Created on 2012-05-09 09:39 by Giuseppe.Attardi, last changed 2022-04-11 14:57 by admin. This issue is now closed.

Messages (4)
msg160266 - (view) Author: Giuseppe Attardi (Giuseppe.Attardi) Date: 2012-05-09 09:39
I confirm the presence of a serious memory leak in ElementTree, using the iterparse() function. Memory grows disproportionately to dozens of GB when parsing a large XML file.
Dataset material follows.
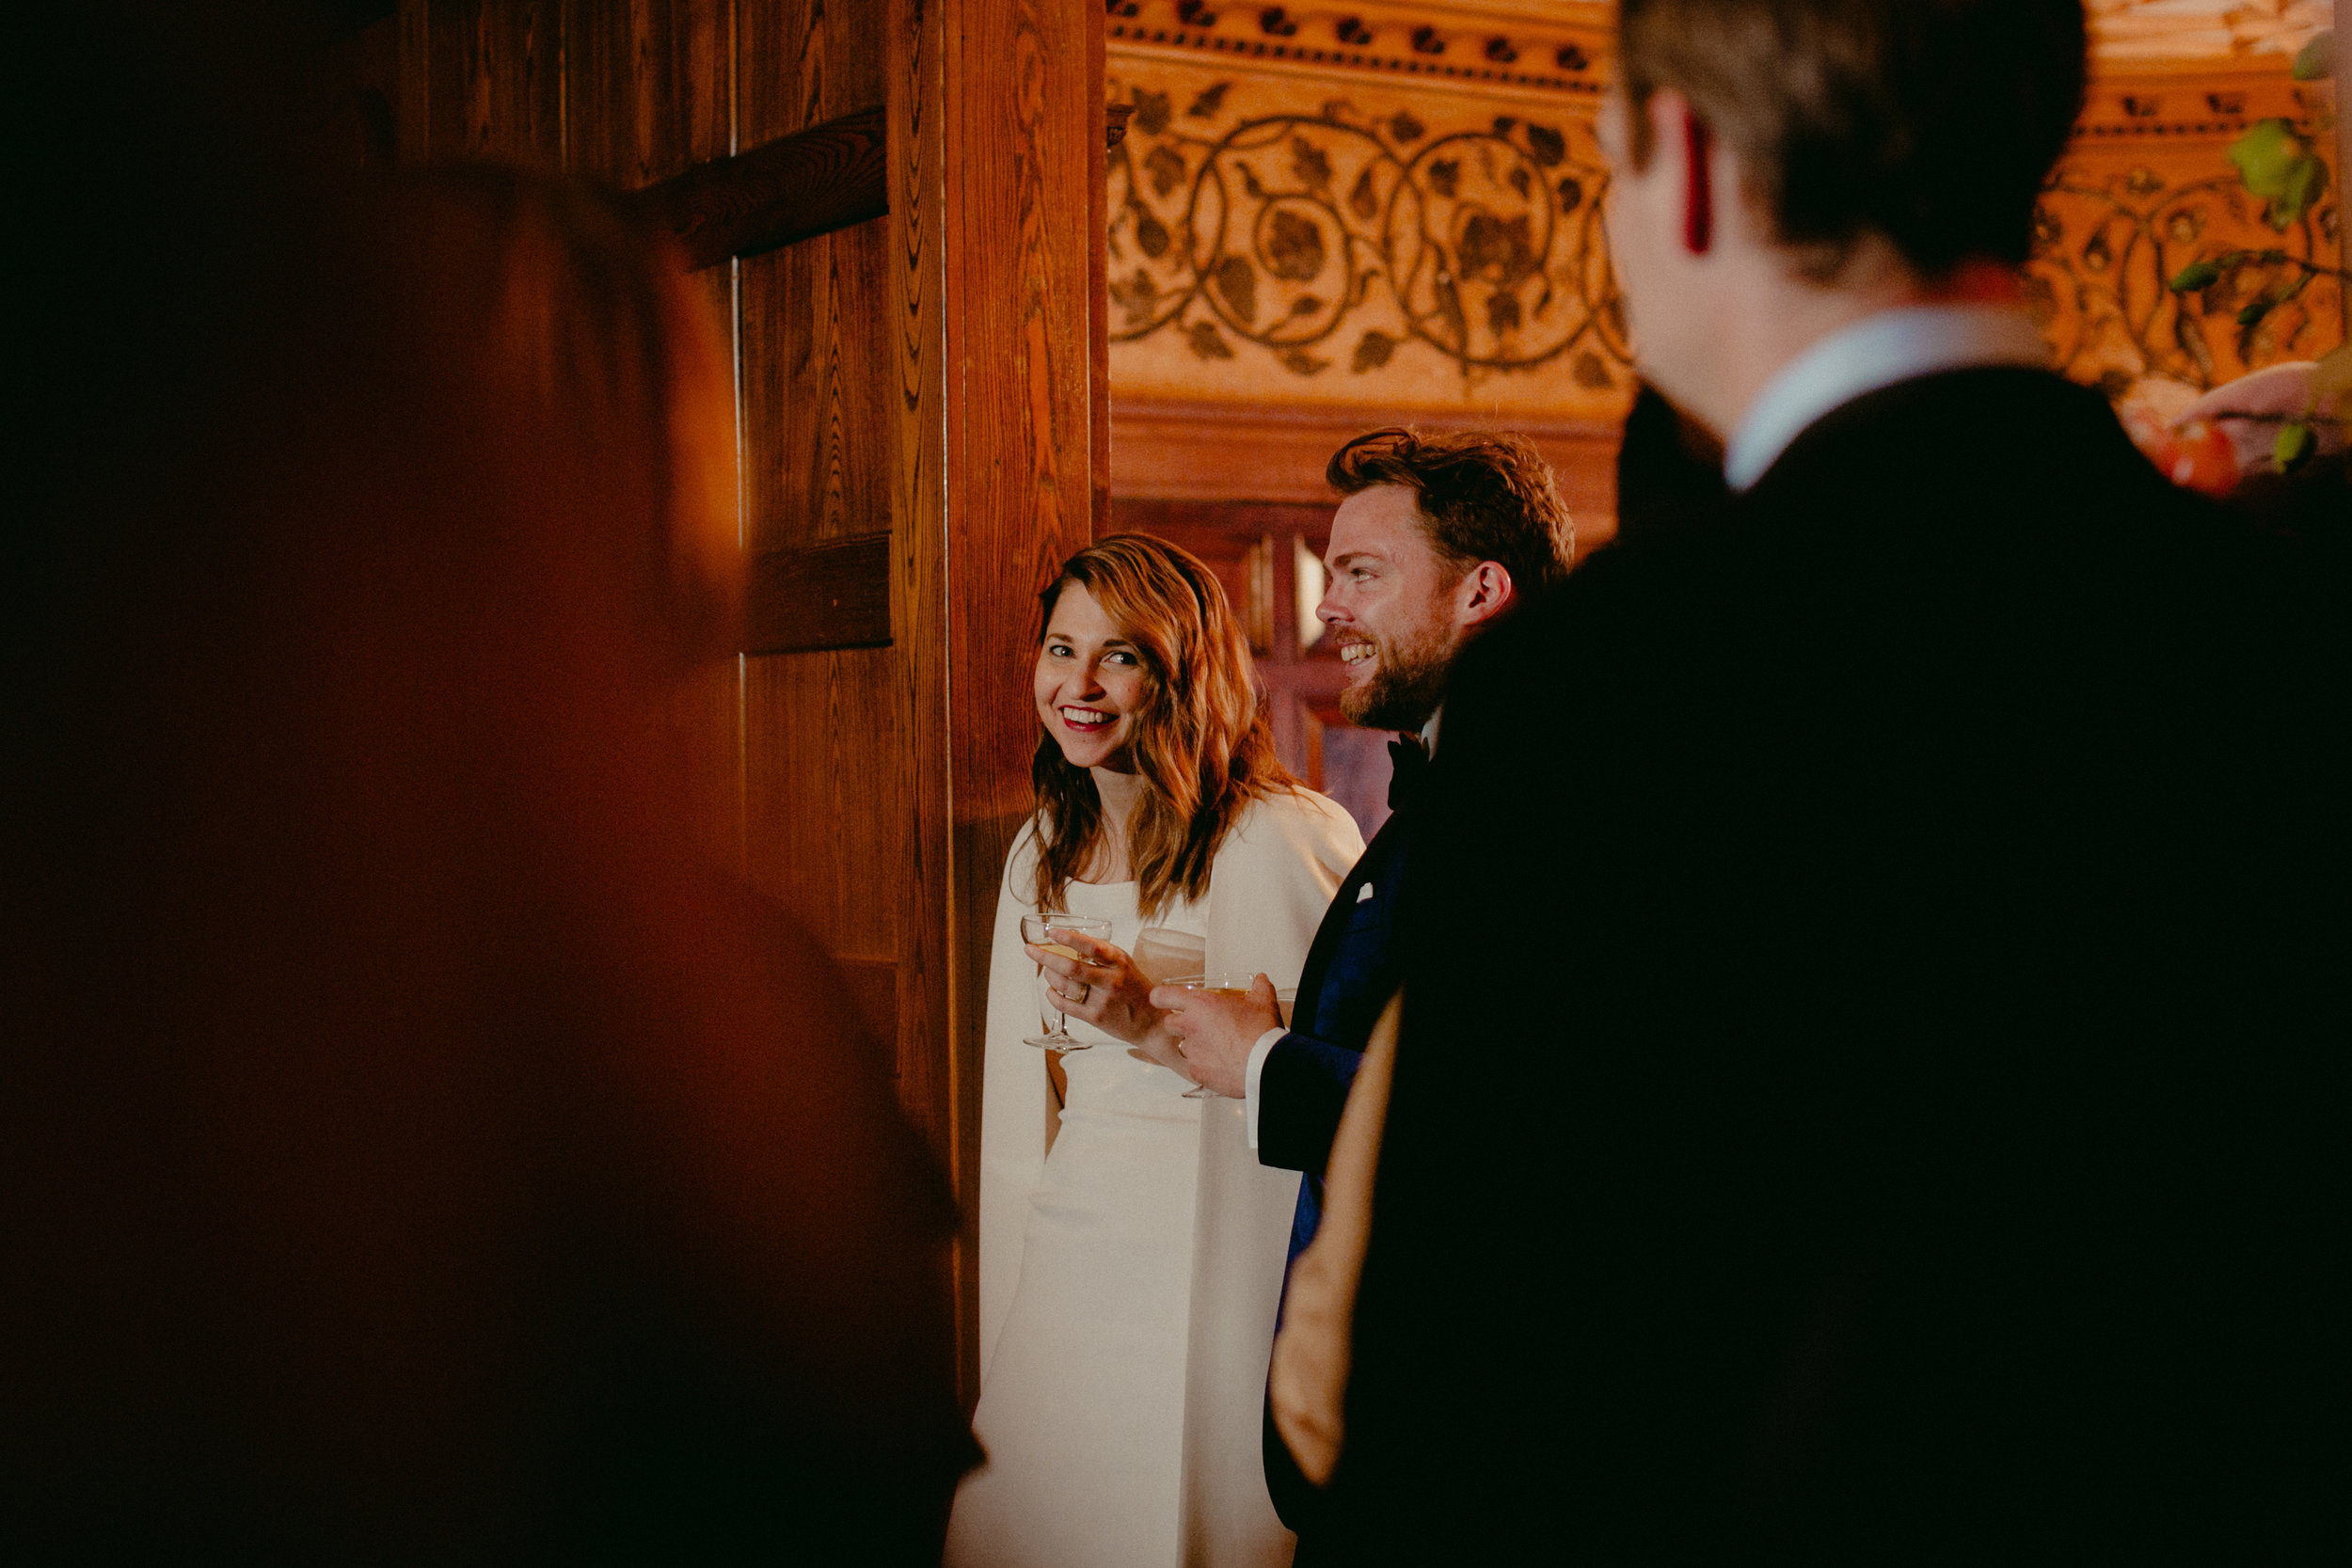 Tiger_House_The_Inn_at_Hudson-Wedding_Chellise_Michael_Photography-374.jpg

For further information, see discussion in: http://www.gossamer-threads.com/lists/python/bugs/912164?do=post_view_threaded#912164 but notice that the comments attributing the problem to the OS are quite off the mark. To replicate the problem, try this on a Wikipedia dump: iterparse = ElementTree.iterparse(file) id = None for event, elem in iterparse: if elem.tag.endswith("title"): title = elem.text elif elem.tag.endswith("id") and not id: id = elem.text elif elem.tag.endswith("text"): print id, title, elem.text[:20]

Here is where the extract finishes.